А почему вообще возникает убыточность в производстве? Что мешает (объективно, а не по желанию не иметь непопулярные решения) довести цены продукции до уровня безубыточности. Ведь без еды люди не смогут обойтись. Конечно, это приведет к росту стоиости рабочей силы, но что еще плохо?
А те 40%, что убыточны, по Вашим словам, обеспечивают связность производства. Т.е. и они могут просто в силу такого своего положения диктовать свои цены. В чем же дело? 20.07.05 Л.В.
А почему вообще возникает убыточность в производстве? Что мешает (объективно, а не по желанию не иметь непопулярные решения) довести цены продукции до уровня безубыточности. Ведь без еды люди не смогут обойтись. Конечно, это приведет к росту стоиости рабочей силы, но что еще плохо?
А те 40%, что убыточны, по Вашим словам, обеспечивают связность производства. Т.е. и они могут просто в силу такого своего положения диктовать свои цены. В чем же дело? 20.07.05 Л.В.
Убыточность производства есть индикатор глубинного противоречия между характером производства и его институциональной организацией в рамках данного экономического уклада. В мире сейчас преобладает так называемый рыночный характер организации производства, когда его целью является прибыль, а формирование прибыли происходит в сфере сбыта, то есть определяется не характером производства и не объективацией полезности произведенного, а прежде всего характеристиками процессов обращения денег и ценностей.
Рыночное ценообразование имеет специфические свойства. Спрос (объем сбыта) обратно пропорционален цене. Валовый доход продавца оказывается равен произведению объема сбыта на цену. Прибыль есть разница между валовым доходом и издержками. Последние распадаются на две части: постоянная (независимая от количества произведенного блага) и переменные (пропорциональные количеству произведенного).
Зависимость спроса от цены имеет в реальности сложный характер. До какого-то момента спрос падает не так быстро, как растет цена, а потом начинает падать быстрее, чем растет цена. Поэтому валовый доход отрасли (бизнеса) имеет максимум в этот самый момент. Если дальше увеличивать цену – доход падает, так как спрос падает быстрее роста цены. Если уменьшать – то тоже падает, так как спрос растет медленнее снижения цены.

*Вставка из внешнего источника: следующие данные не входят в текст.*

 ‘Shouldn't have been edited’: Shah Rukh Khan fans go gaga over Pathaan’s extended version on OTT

Эта точка максимального дохода не у всех отраслей оказывается выше, чем размер ее издержек. У многих отраслей стоимость постоянных издержек (инфраструктуры) оказывается достаточно высока, чтобы оптимум достигался в точке минимального убытка, а не максимальной прибыли (о прибыли в этом случае речь и вообще не идет).

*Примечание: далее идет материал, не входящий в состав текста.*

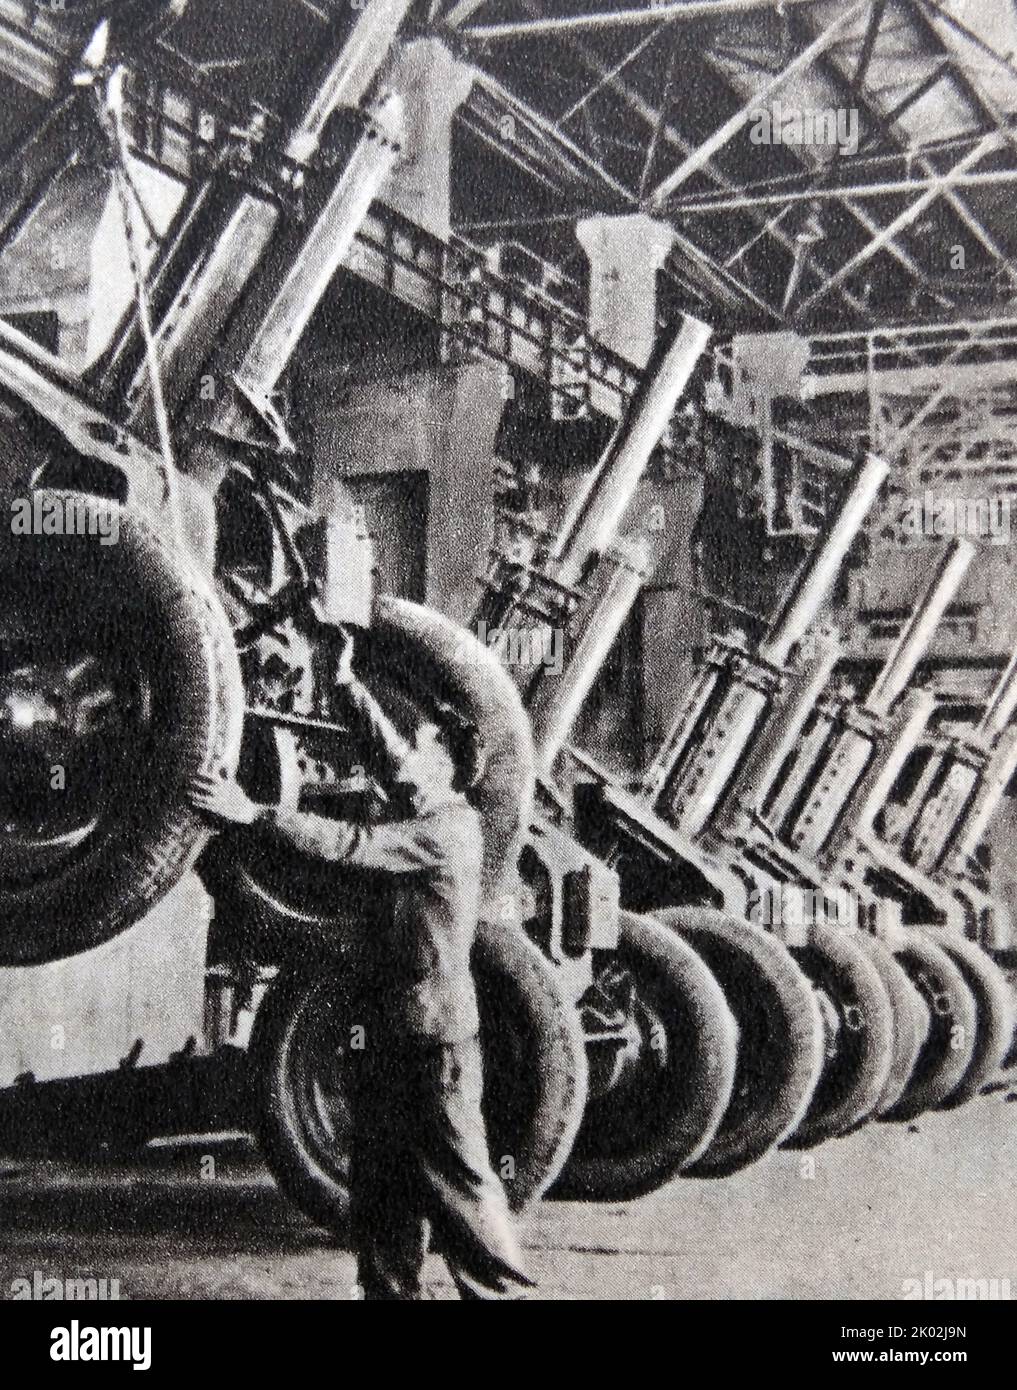 War equipment manufacturing during the Great patriotic war in the USSR Stock Photo

Таковы свойства рыночного ценообразования, которое диктуется соотношением стихийного, стохастического спроса и предложения. В рамках этого механизма принципиально невозможен учет факторов, отличных от краткосрочных и индивидуальных.
В условиях свободного рынка в силу такого характера рыночного механизма принципиально не могут существовать отрасли, которые производят стоимость, объективирующуюся не в личном потреблении, а в масштабах общества или общины.

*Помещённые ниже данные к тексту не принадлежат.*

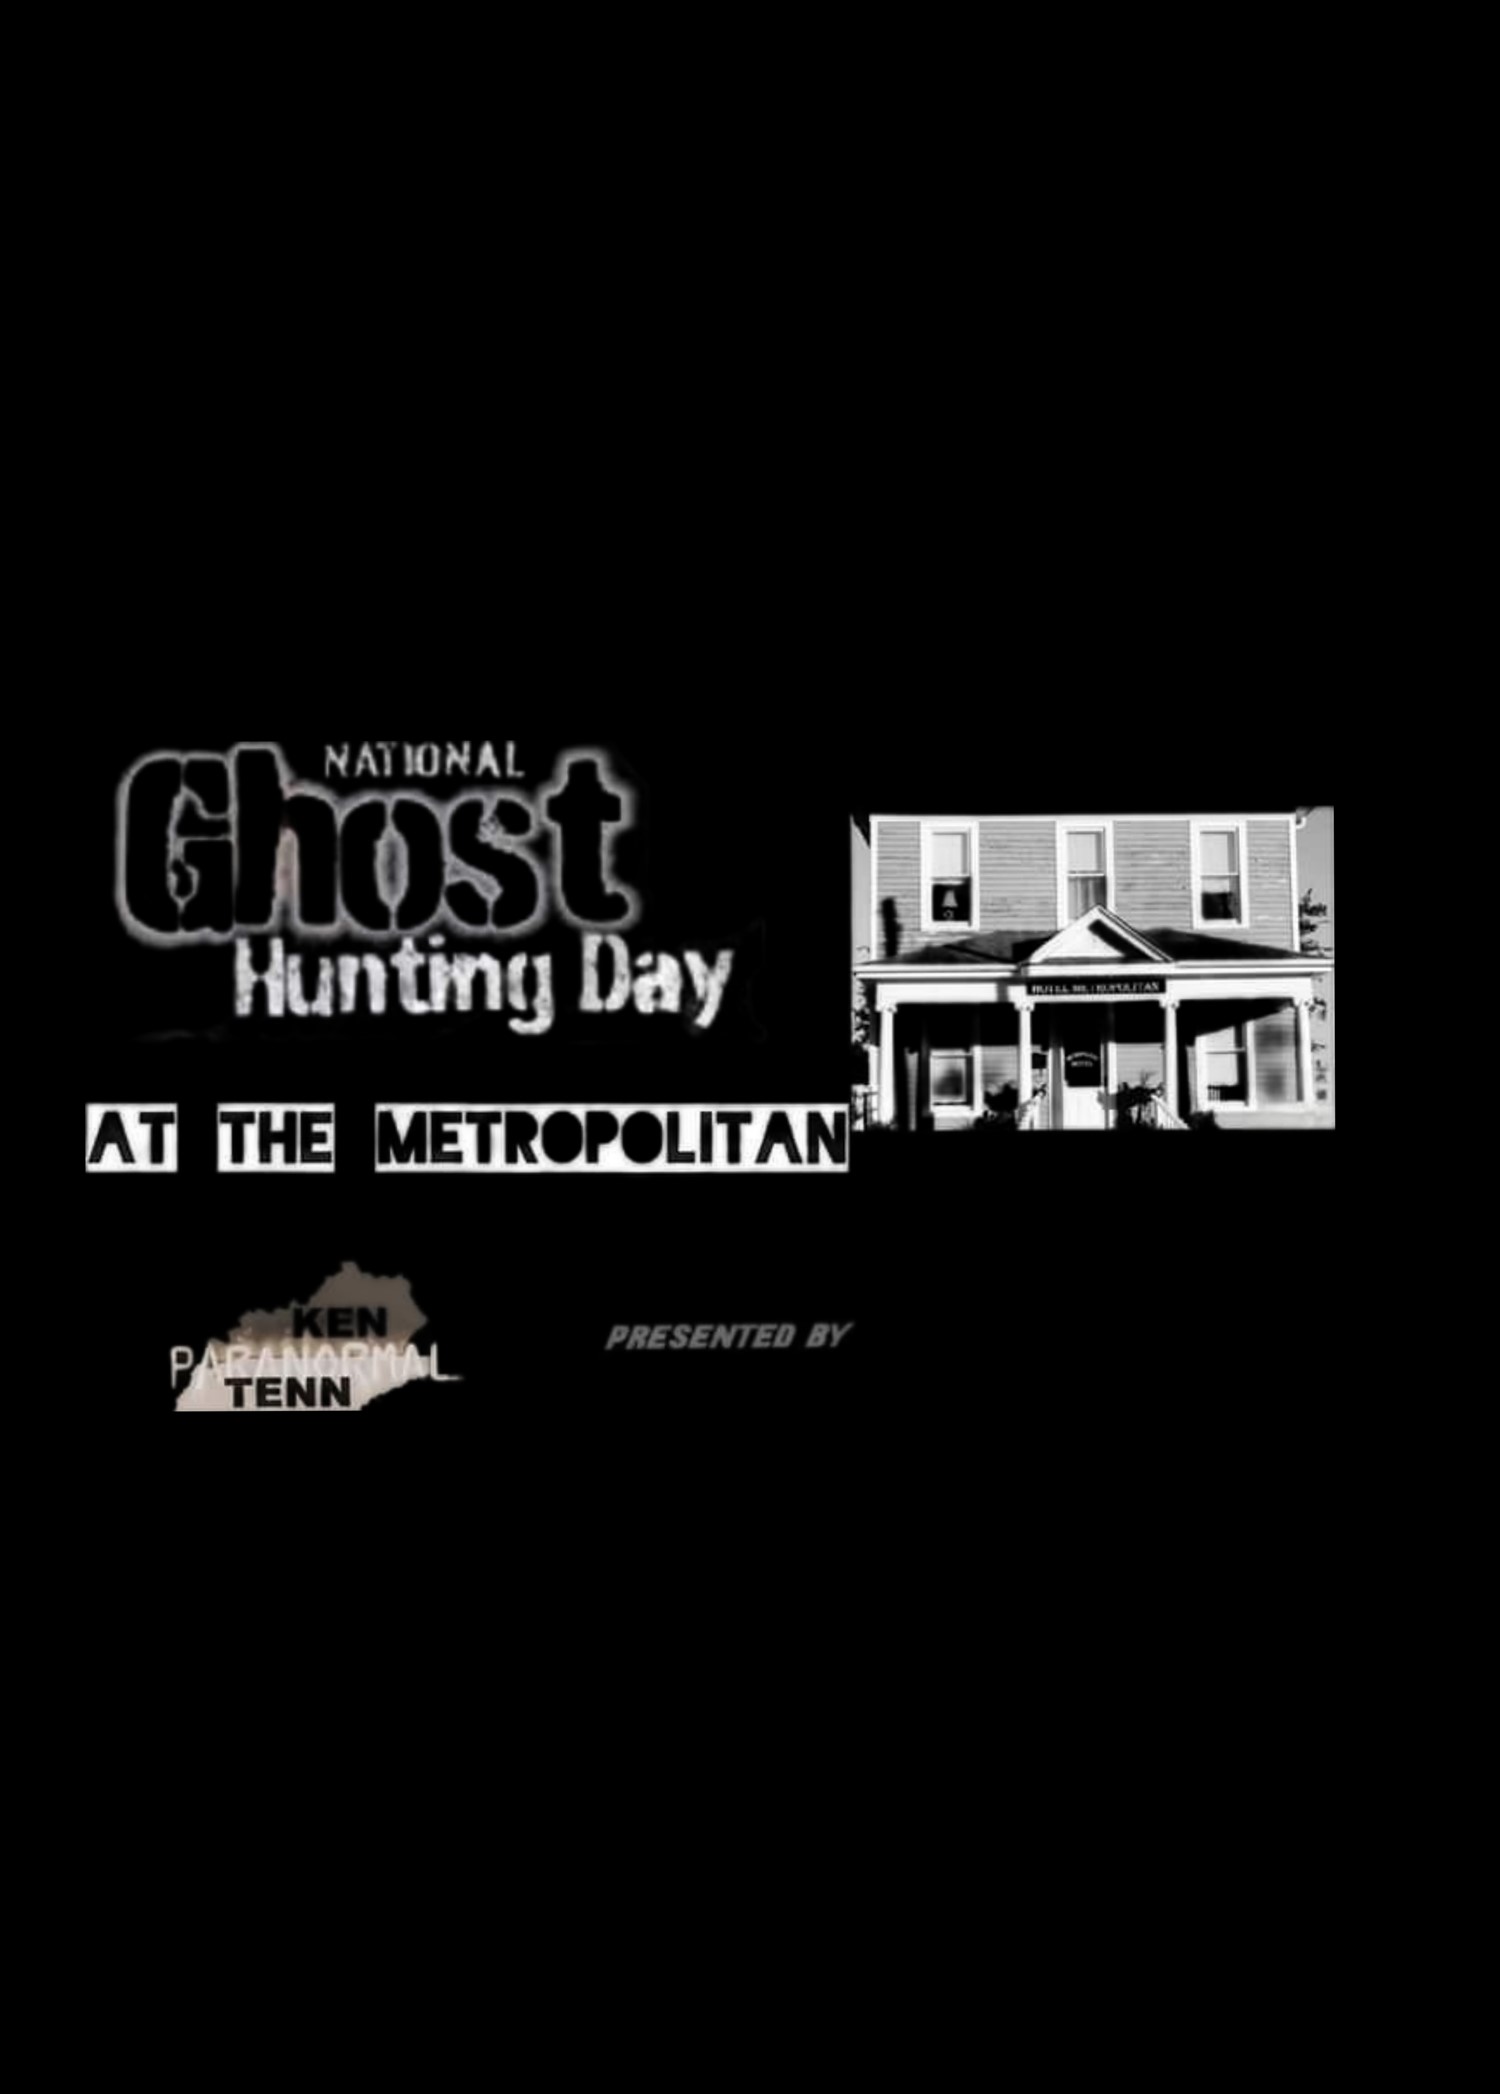 National Ghost Hunting Day at the Metropolitan  on Sep 28, 20:00@Hotel Metropolitan - Buy tickets and Get information on KenTenn Paranormal

Если допустить в Европе рыночную экономику хотя бы для железнодорожного транспорта, он погибнет в силу того, что рынок институционально недооценивает услуги железной дороги. Равновесная цена, при которой достигается максимальный доход отрасли, ниже издержек. В силу этого необходима антирыночная, волюнтаристская, институционально-плановая составляющая экономического регулирования, то есть дотирование железнодорожного транспорта из бюджета общины или государства, доплата ему за ту часть создаваемой стоимости (избавление города от пробок и загазованности), которая не может быть оценена свободным рынком.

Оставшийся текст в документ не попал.